# NEW NCEES problem # 512



## WantsPE (Mar 29, 2009)

Can someone please throw some light on why the answer shows Z 500ft as (0.035+j 0.049) /4??

I understand the Z1000ft value and to me, the answer for Z 500ft should be Z1000ft /2 and since there are 2 sets of conductors, shouldnt we multiply Z by 2 to get the value for Z 500ft for 2 sets of conductors??

I know I am missing something here, I just cannot figure out what it is...

Thank you..


----------



## jcreit (Mar 29, 2009)

WantsPE said:


> Can someone please throw some light on why the answer shows Z 500ft as (0.035+j 0.049) /4??I understand the Z1000ft value and to me, the answer for Z 500ft should be Z1000ft /2 and since there are 2 sets of conductors, shouldnt we multiply Z by 2 to get the value for Z 500ft for 2 sets of conductors??
> 
> I know I am missing something here, I just cannot figure out what it is...
> 
> Thank you..


Correct if I am wrong. I believe the reason why we have to divide it by 2 is first; it has 2 conductors per line and secondly, parallel resistances divides by 2.


----------



## niurou (Mar 29, 2009)

WantsPE said:


> Can someone please throw some light on why the answer shows Z 500ft as (0.035+j 0.049) /4??I understand the Z1000ft value and to me, the answer for Z 500ft should be Z1000ft /2 and since there are 2 sets of conductors, shouldnt we multiply Z by 2 to get the value for Z 500ft for 2 sets of conductors??
> 
> I know I am missing something here, I just cannot figure out what it is...
> 
> Thank you..


The thicker the wire the lower the impedance, two cable is twice "thicker" than one cable. so impedance is half.

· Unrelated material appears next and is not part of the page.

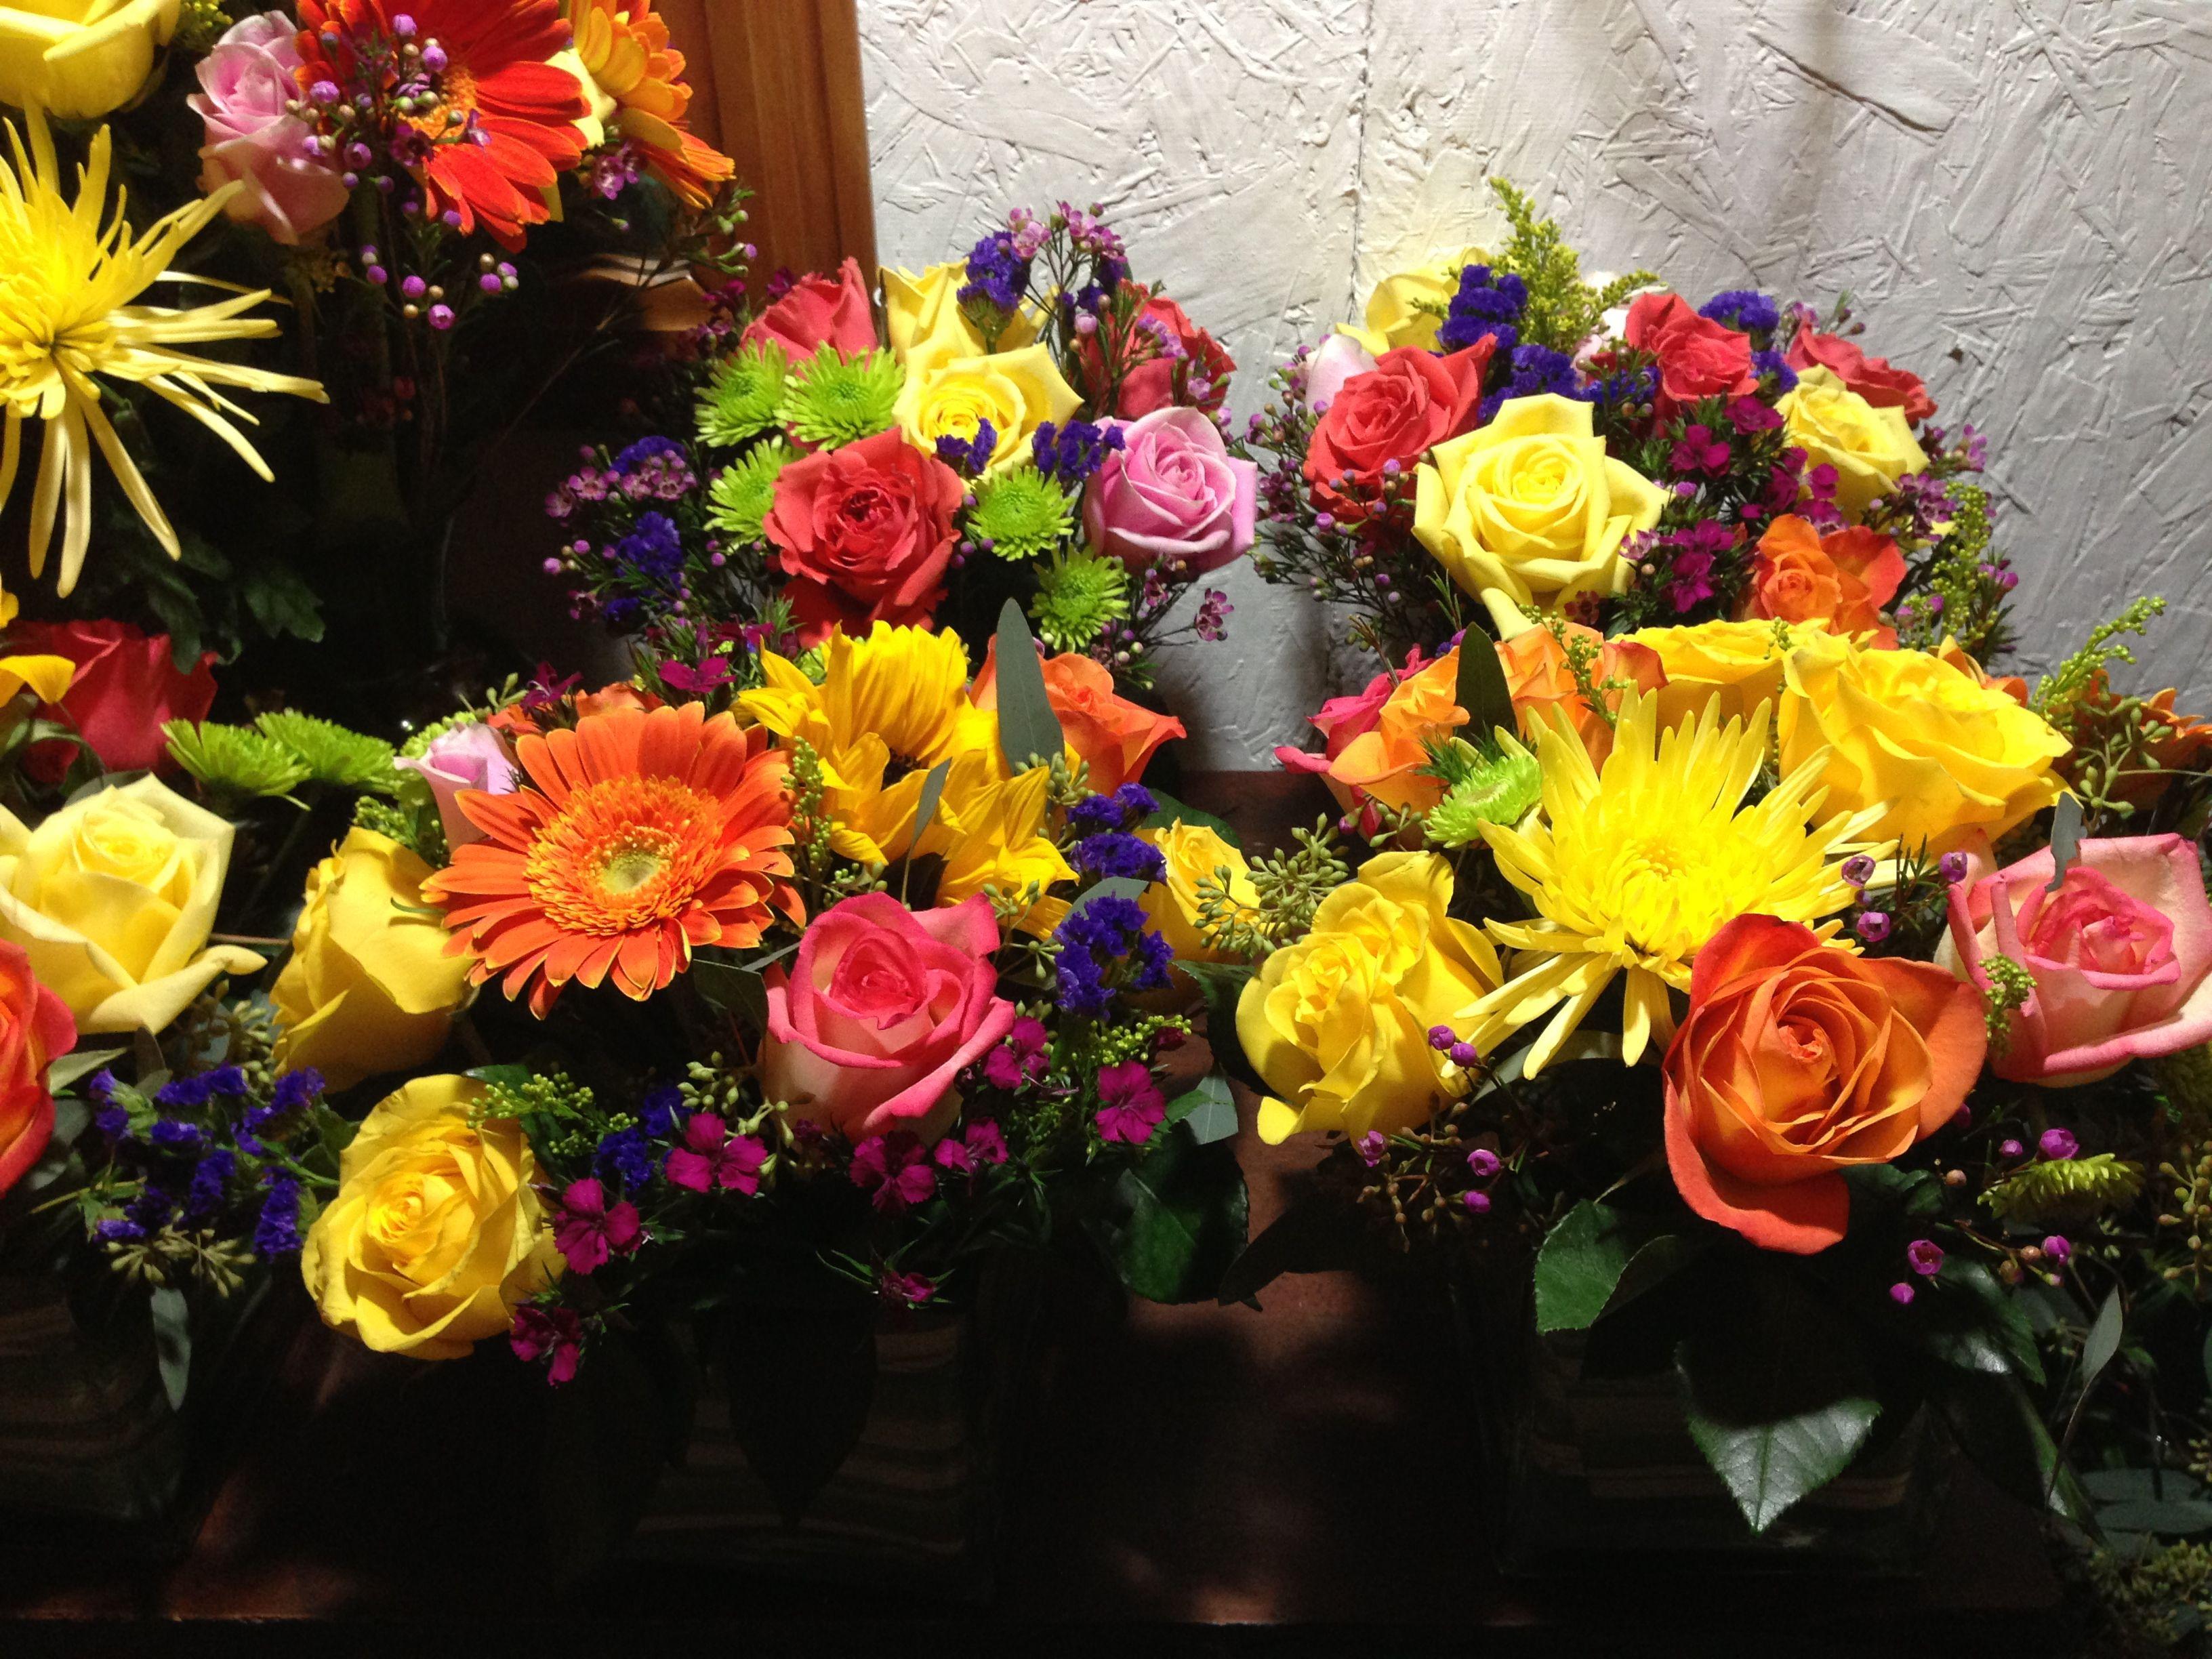 Arrangement costco flowers pinterest costco flowers costco flowers arrangement izmirmasajfo Images

Man, this is the most basic parallel and series impedance calculation...


----------



## smelltheglove (Feb 14, 2010)

I know this thread is almost a year old but.....

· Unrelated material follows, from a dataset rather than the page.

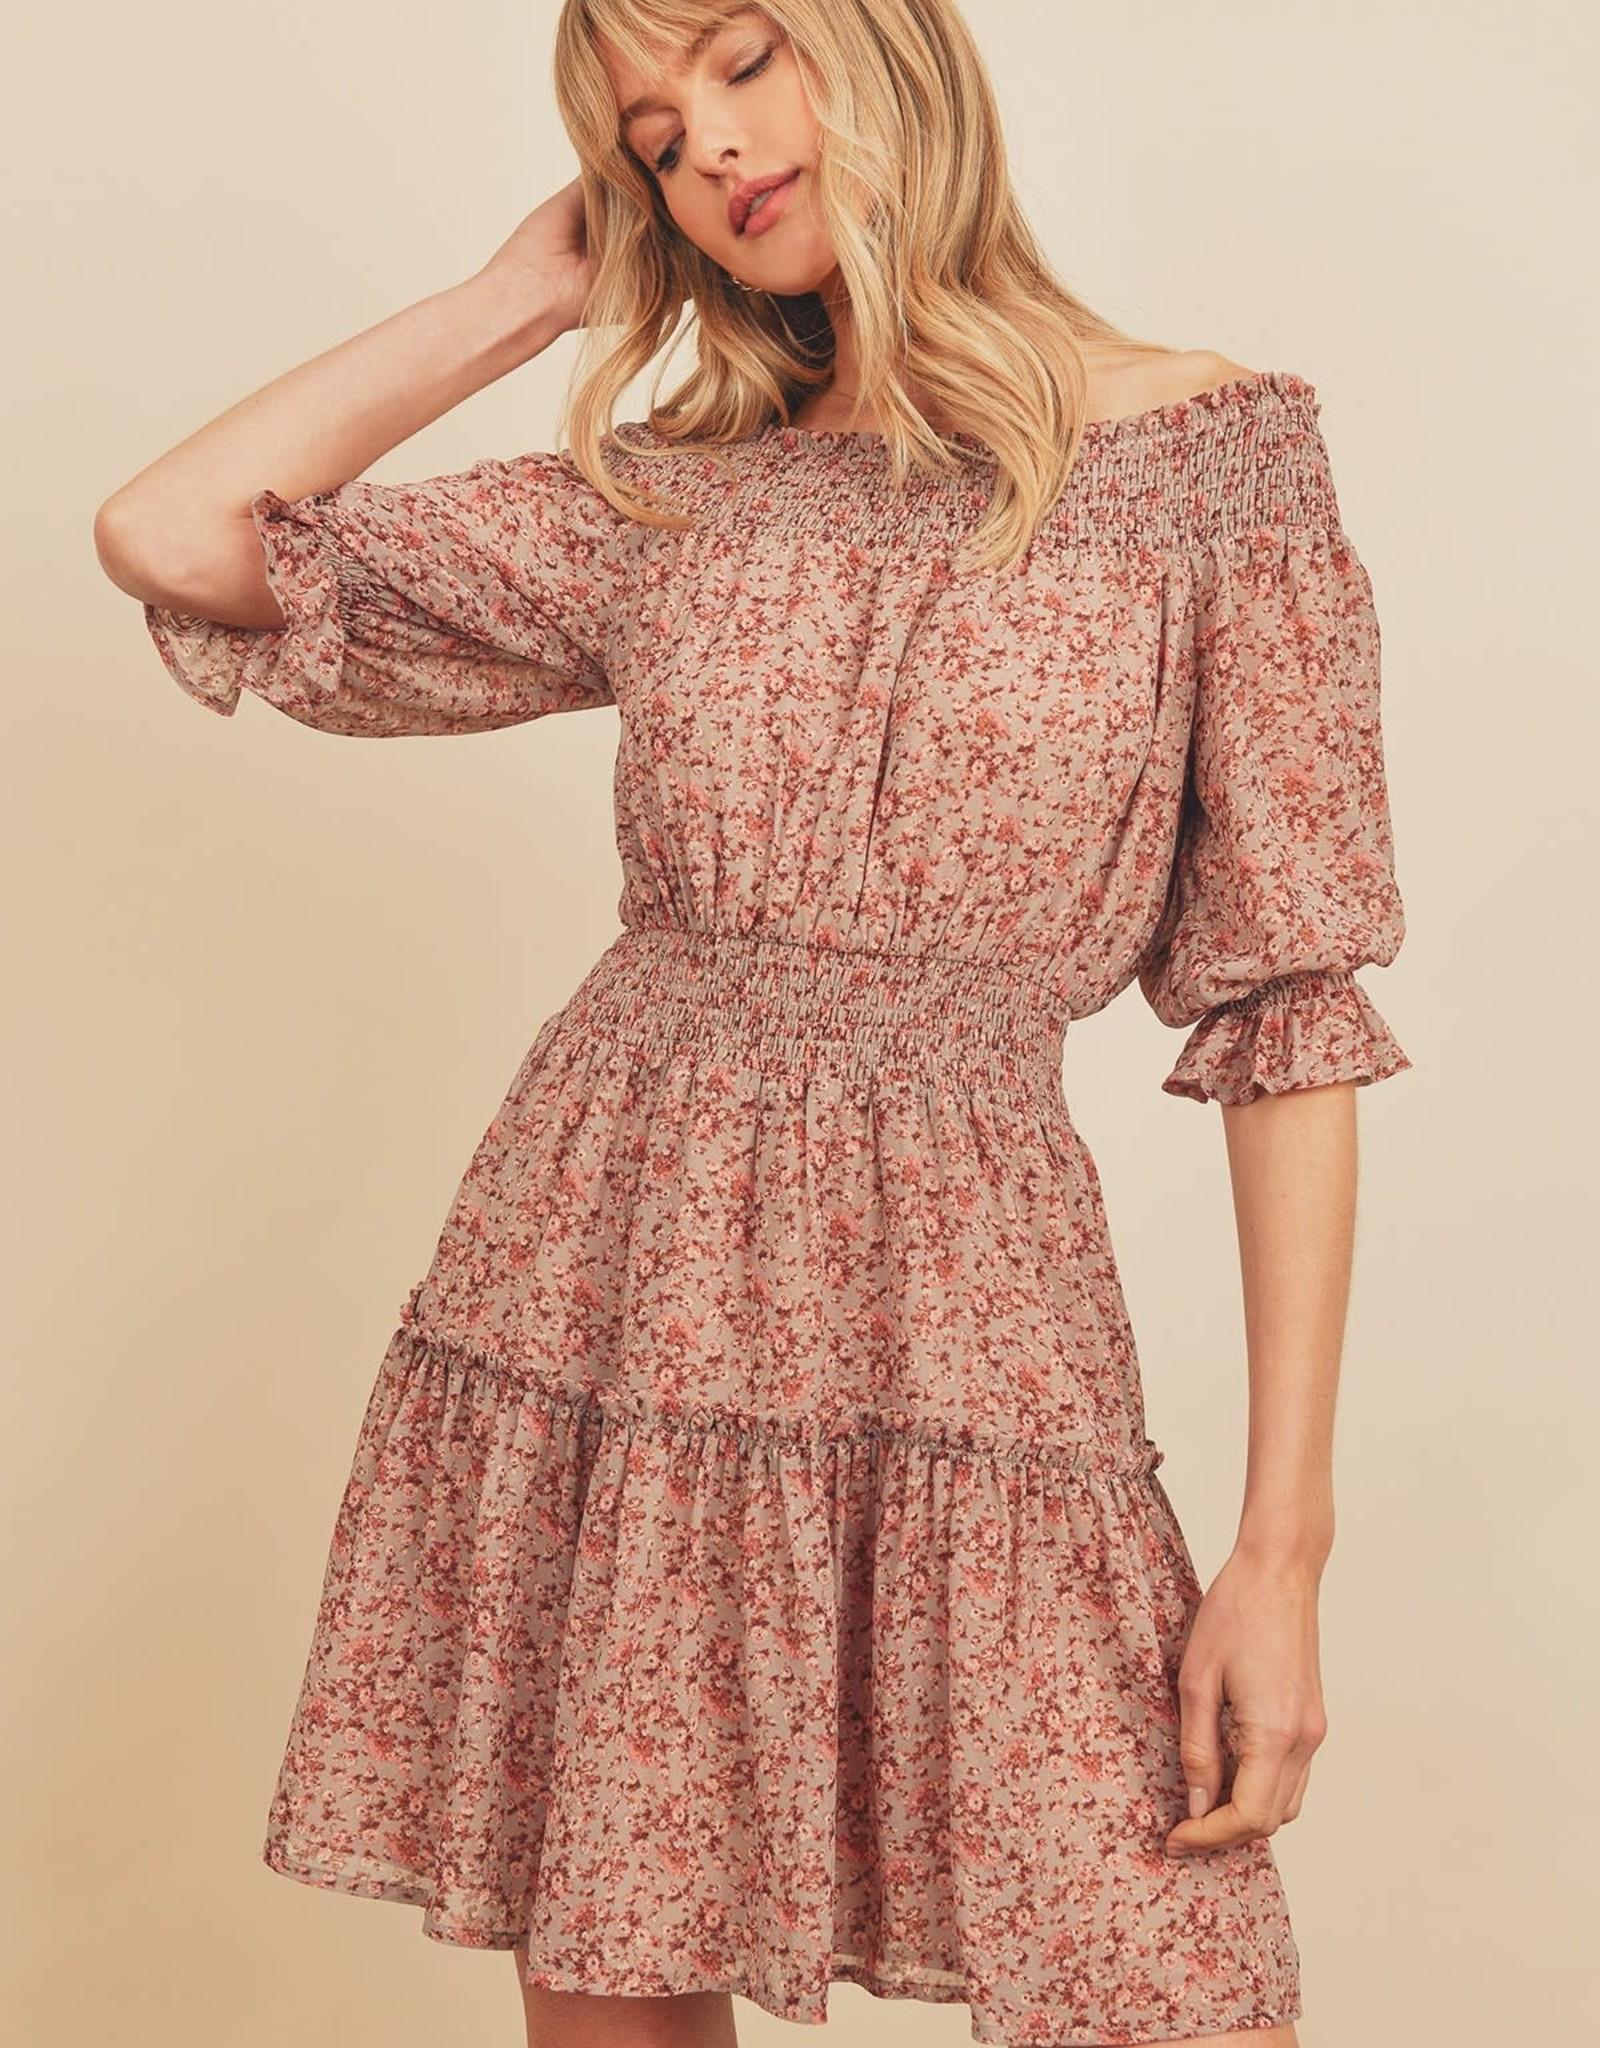 Miss Bliss Ruffle Sleeve Off Shoulder Dress- Rose

Can anyone shed any light on why the R and X values were not multiplied by Cosine theta and Sine theta? I realize this is only an approximation of the Z for that length of wire, but the power factor in the question is 0.9 and the table lists effective Z for PF's of .85. Besides, it pulls the R and X values from the other part of the table anyway.

Thanks in advance.


----------



## Flyer_PE (Feb 14, 2010)

The question is asking for the impedance of the cable only. The power factor (or any other characteristic for that matter) of the load doesn't affect the cable impedance.


----------



## nuclear bus (Feb 21, 2010)

smelltheglove said:


> I know this thread is almost a year old but.....
> Can anyone shed any light on why the R and X values were not multiplied by Cosine theta and Sine theta? I realize this is only an approximation of the Z for that length of wire, but the power factor in the question is 0.9 and the table lists effective Z for PF's of .85. Besides, it pulls the R and X values from the other part of the table anyway.
> 
> Thanks in advance.


I know where you're coming from, but I think you're just getting one step ahead. Before you can calculate the voltage drop you need to first determine the cable impedance, then correct it for the power factor of the load. So first you figure out the cable impedance as 0.035 + j0.049 / 4 using the first two columns for X and R in Table 9 of the NEC handbook. That's all this problem asks for. But, if you had to go on and calculate the voltage drop, then you'd need to correct the impedance using the power factor Z = R cos theta + j X sin theta. Hope this helps. I know it helps me just trying to explain it


----------



## Rei (Feb 22, 2010)

nuclear bus said:


> smelltheglove said:
> 
> 
> > I know this thread is almost a year old but.....
> ...


Now you get me confused. Will you go to my post on question #136 and tell me the different between my calculation and Flyer's calculation? I use Z = R cos theta + j X sin theta same as you to account for the power factor value which would proof that the answer is A and not D. Flyer, however, said the power factor is account for the current and not the impedance values which from his calculation, answer D is correct.


----------



## Rei (Feb 23, 2010)

Flyer, how come you don't answer my question. Are you saying using Z = R cos theta + j X sin theta to find the cable impedances other than 0.85 pf is wrong?


----------



## Flyer_PE (Feb 23, 2010)

Rei said:


> Flyer, how come you don't answer my question. Are you saying using Z = R cos theta + j X sin theta to find the cable impedances other than 0.85 pf is wrong?


I didn't realize there was a question directed at me. The formula you have there is wrong.

Z = R+jX

R = Z cos theta

X = Z sin theta

Regardless of what load is supplied by the cable, the impedance of that cable does not change. All that column in Chapter 9 Table 9 does is give a quick and dirty method for estimating the voltage drop to a typical motor without actually doing the vector addition. One of the things to keep in mind is that engineers are NOT the target audience of the NEC. It is intended for electricians.


----------